Population (2010 Census)
- • Total: 45,178
- • Estimate (2025): 41,556 (−8%)

Administrative status
- • Capital of: Satkinsky District, Town of Satka

Municipal status
- • Municipal district: Satkinsky Municipal District
- • Urban settlement: Satkinskoye Urban Settlement
- • Capital of: Satkinsky Municipal District, Satkinskoye Urban Settlement
- Time zone: UTC+5 (MSK+2 )
- Postal codes: 456910, 456912–456915, 456918
- OKTMO ID: 75649101001
- Website: www.satka.org

= Satka =

Town in Chelyabinsk Oblast, Russia

Satka (Са́тка) is a town and the administrative center of Satkinsky District in Chelyabinsk Oblast, Russia, located on the western slope of the Southern Ural Mountains on the bank of the Satka River, 190 km from Chelyabinsk, the administrative center of the oblast. Population:

==History==
It was founded on November 19, 1758 as an iron mining factory. Magnesite, a mineral essential to the manufacture of refractory brick used in blast furnaces, was discovered there.

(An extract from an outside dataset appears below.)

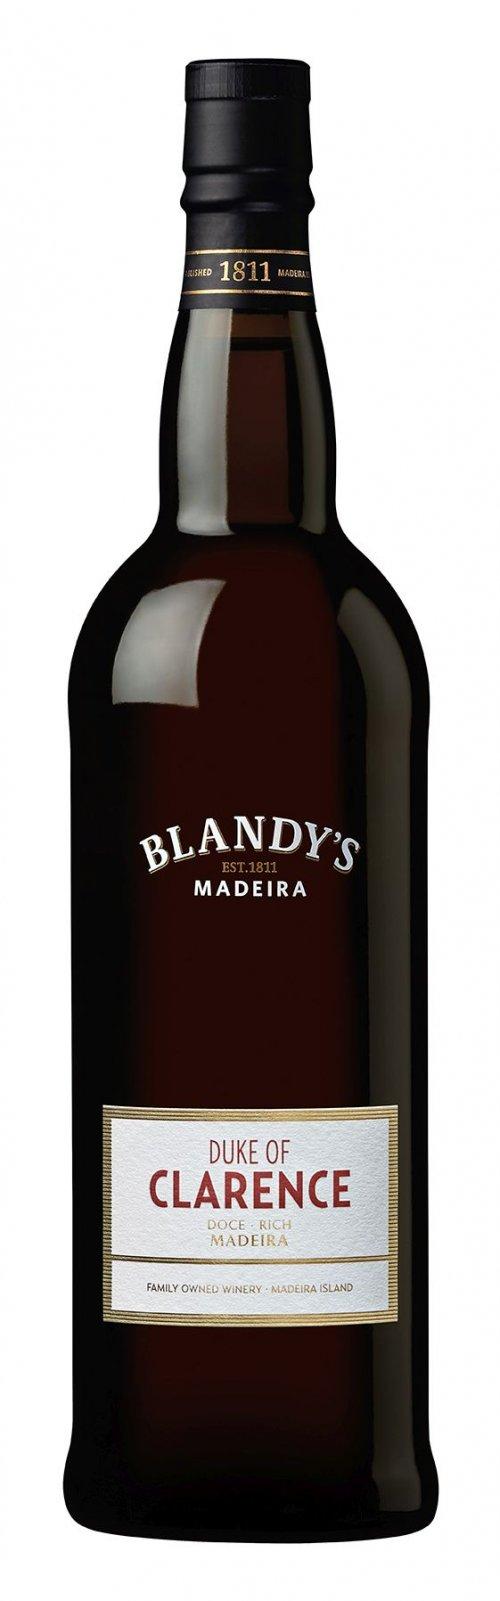 Blandy's Madeira Duke of Clarence Rich 0,75L, fortvin, bl, sl
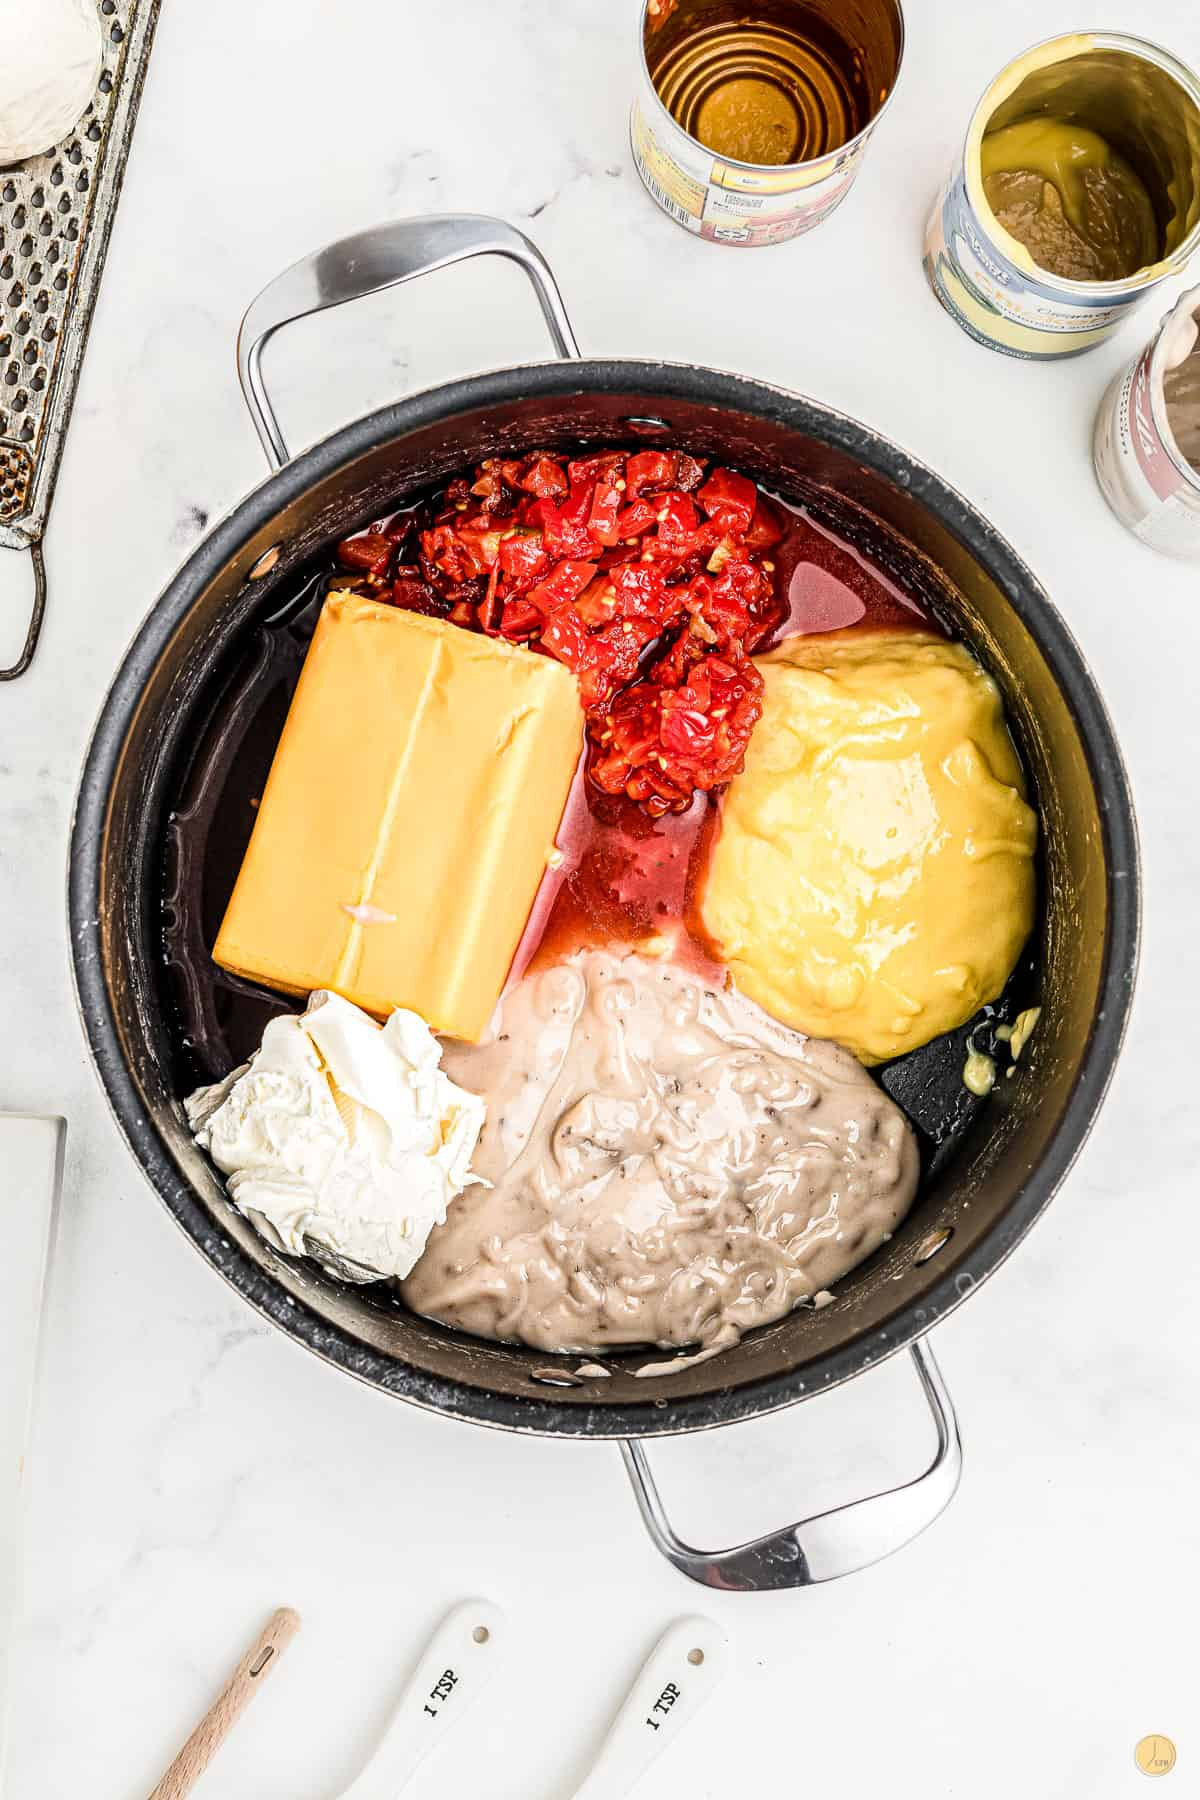 velveeta and soup in a pot

In the beginning of the 20th century in Satka lived up to 10 thousand people. Among them are many alien people. Reached out to work the Old Believers of different sects and persuasions (the Austrians, the Pomorians, precedency, filippovtsy, fedoseevtsy etc.). There were two churches, two schools, post office, Telegraph, hospital, consumer society, two 46 industrial and commercial enterprises.

In 1824 the city was visited by Emperor Alexander I, which has a positive impact on further development of production. By the end of the 19th century, there were two blast furnaces, between the mechanical workshop and foundry in laid track.
The Soviet government inherited a large production. In 1928 Satka became an urban-type settlement, and in 1937 — a city district, and since 1957 — of regional subordination.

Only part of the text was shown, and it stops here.